Traduction française par Spartakus FreeMann, Nadir de Libertalia, mai 2005 e.v.

L’Étoile du Chaos ou Chaosphère

Le symbole de l’Étoile de la Chaos, ou Chaosphère, trouve sa source dans les textes de Michael Moorcock, Eternal Champion, où elle est représentée avec 8 flèches dirigées vers l’extérieur.

Ce symbole sera adopté dans les années 70 par la contre-culture pop, puis par les punks avant d’être détourné comme symbole de la Magie de la Chaos.

« À ma connaissance, nous dit Moorcock, le symbole, dessiné par Jim Cawthorn, est apparu pour la première fois sur la couverture d’Elric de Science Fantasy en 1962, et ensuite, elle est apparue sur la version de Stormbringer de Savory ».

Cette étoile, par sa forme, s’apparente à l’Étoile de Vénus ou d’Ishtar, que l’on en retrouve, par exemple, sur des poteries grecques du 5e siècle avant Jésus-Christ :

Étoiles à huit branche telle qu’apparaissant sur un vase grec du 5e siècle avant JC.
L’Étoile d’Ishtar, reine babylonienne des cieux ; d’Astarté et de Vénus, les huit pointes faisant référence aux huit années nécessaires à la planète Vénus pour revenir dans le même signe du Zodiaque

Ok, tout ça c’est bien beau, mais on n’en sait guère plus sur l’origine de l’Étoile de la Chaos et surtout de son lien avec la Magick du même nom.

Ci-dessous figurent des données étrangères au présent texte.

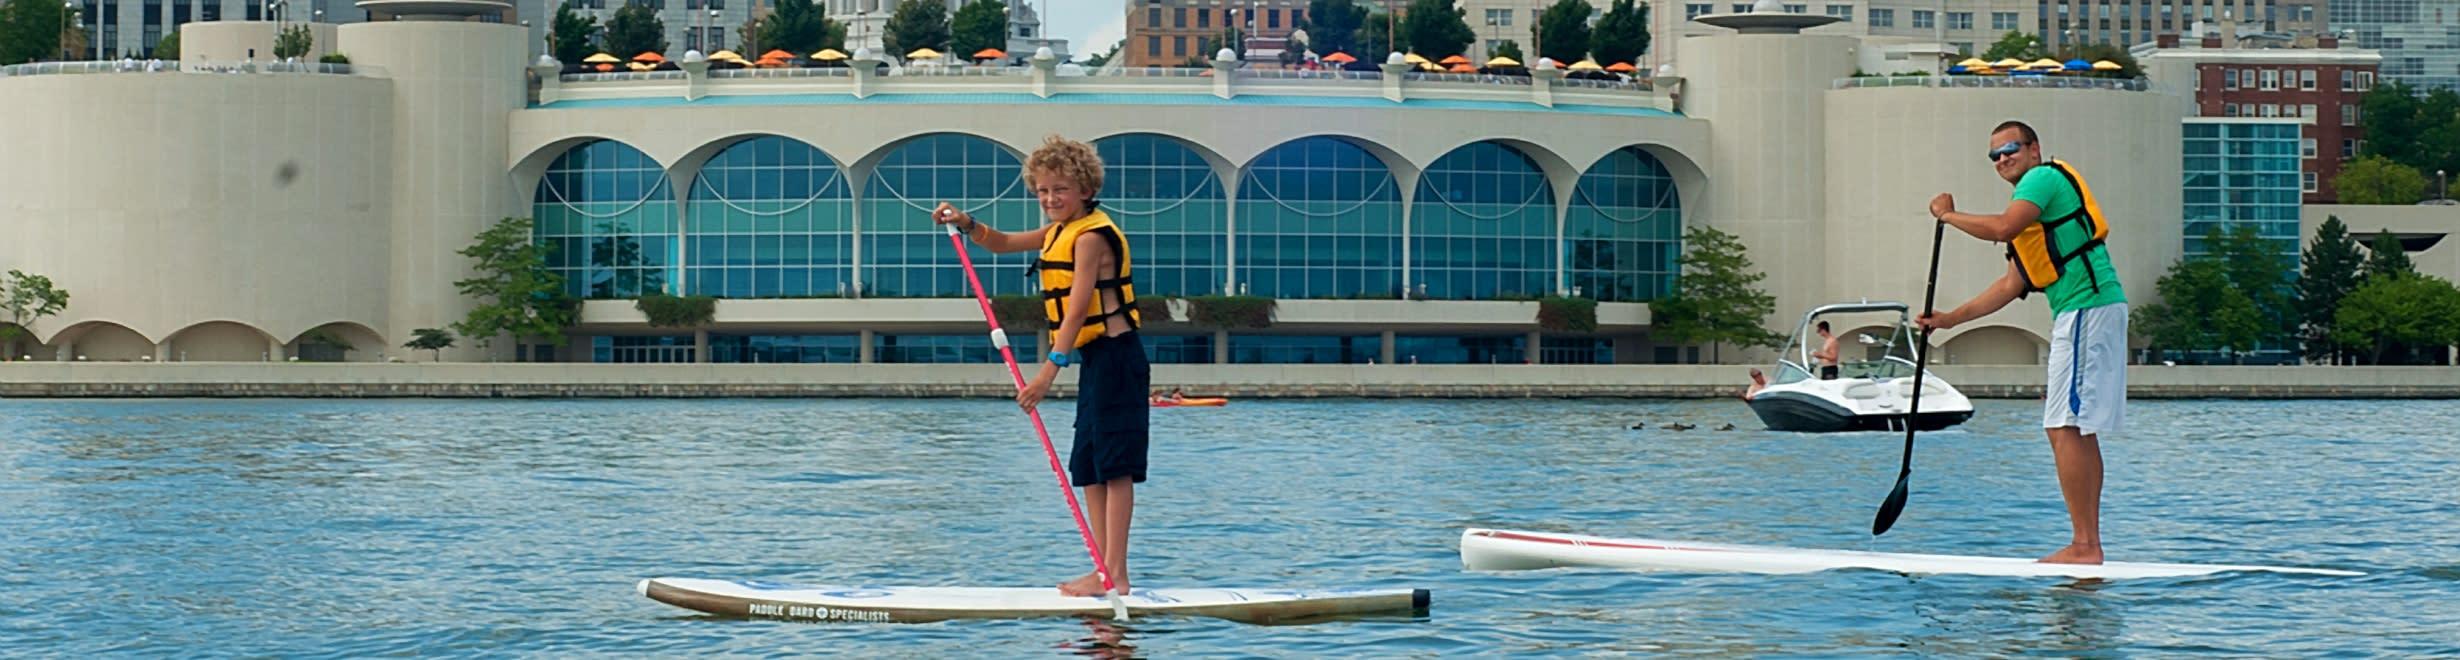 Stand Up Paddleboarding, Monona Terrace

Par ailleurs, le huit c’est l’ogdoade. Westcott présente celle-ci comme le premier cube de l’énergie (2*2*2).

Dans l’Antiquité grecque, le huit était un nombre omnipotent que l’on retrouve dans le proverbe « toutes les choses sont huit ».

Hésiode est le premier auteur connu à nommer, dans sa théogonie, le Chaos et la Messe d’Éris (KALLISTI). Huit que l’on retrouve dans le Bouddhisme mais aussi dans la roue de la Wicca. Mais ça, on s’en tape, non ?

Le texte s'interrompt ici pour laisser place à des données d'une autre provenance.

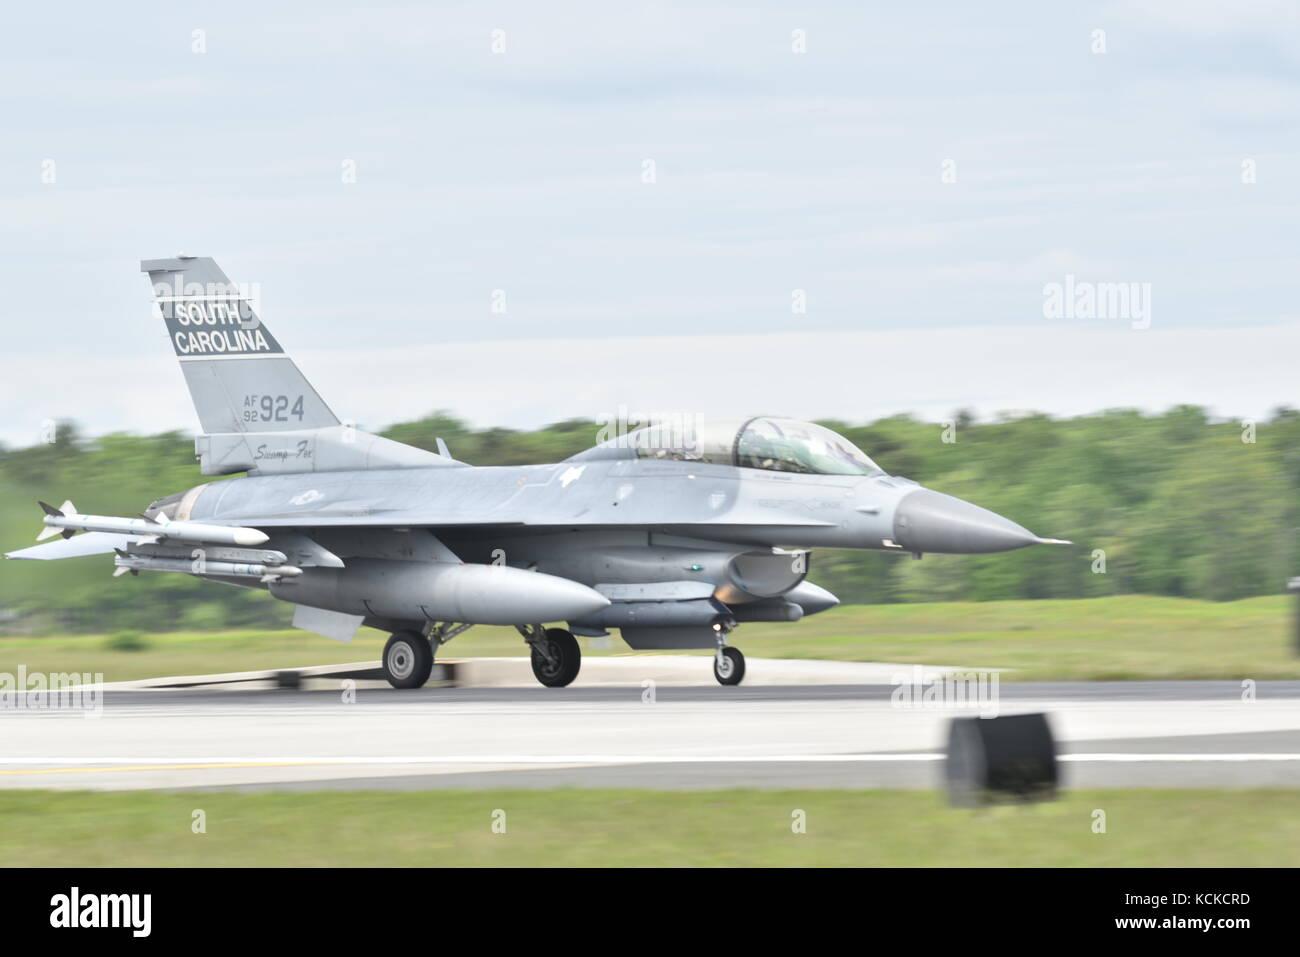 South Carolina Air National Guard F-16C Fighting Falcon - Stock Image

Retournons donc au Liber Kaos, de Pete Carroll. Page 38 de l’édition anglaise, dans les Annexes de la Principia Magica, nous découvrons un diagramme d’une étoile à huit pointes du Chaos qui est en fait une représentation des 5 dimensions (les 3 de l’espace, 1 de l’espace usuel et 1 de l’espace caché), c’est déjà quelque chose.

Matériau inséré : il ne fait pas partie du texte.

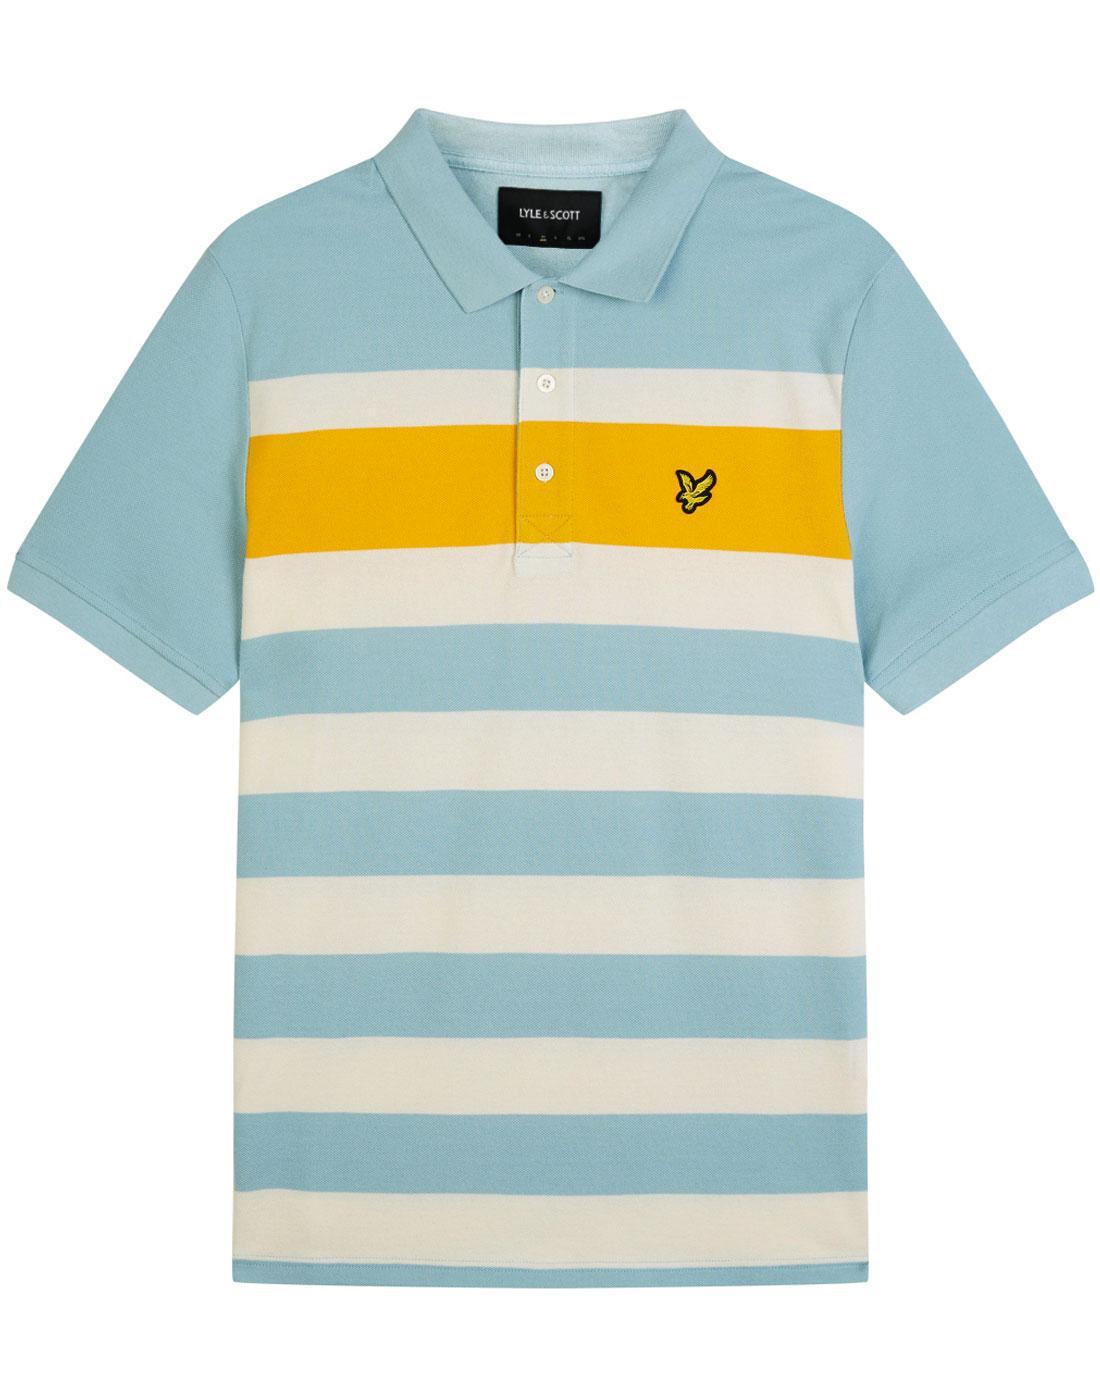 LYLE & SCOTT Mod Textured Stripe Panel Polo Shirt

Page 85, nous lisons les objectifs des rituels des « Huit Magies », ha ha, nous y voilà donc car, que voyons-nous si ce n’est une magnifique étoile à huit pointes juste au centre le page ! Cela dit – mais il me faut vérifier dans mon exemplaire du Liber Kaos – Carroll avoue en page 86 qu’il s’agit d’un emprunt à Terry Pratchett !!!

Puis, en regardant dans le Liber AOM (Liber Null) nous lisons :

« on peut dire qu’elle représente une sculpture en perspective des 4 axes d’un hypercube géométriquement improbable ou de deux tétraèdres conjoints des forces de la lumière et des ténèbres ».

Connerie, mais bon allez on prend cela pour parole d’évangile et ça vaut bien le monohexagramme cursif crowleyien…!

Dans le courant chaote, l’Étoile de la Chaos signifie une infinité de possibilité, une expansion de l’énergie dans toutes les directions, dont les huit pointes représenteraient les huit dieux discordiens : The Dimensional Transfunctioner, General Miaow, Triangulon, The Holy Spoon, The Reality Fish, Thomas The Walking Head, A Magical Trumpet Called Bill, The DXM Angel.

Le nombre huit associé à ce symbole peut provenir également de Timothy Leary ou du modèle des huit circuits de la conscience de Robert Anton Wilson ou encore du Discordianisme « primitif », où les huit dieux étaient souvent associés aux « dieux des huit circuits de la conscience ».

La magie est souvent définie comme l’expansion harmonieuse du moi. L’Étoile de la Chaos s’étend à partir d’un point central, vers l’extérieur tout comme le magicien étend ses capacités sexuelles, financières, physiques, sensuelles, expérimentales, psychologiques et sociales vers l’univers et les hommes qui l’entourent.

Enfin, soulignons que les huit pointes furent, plus tard, associées aux huit branches de la magie : la magie pure, la magie mentale, la magie de l’amour, la magie sexuelle, la magie de la guerre, la magie de mort, la magie de la richesse et la magie de l’ego.

Spartakus FreeMann au Nadir de Guantanamo, octobre 2008 e.v.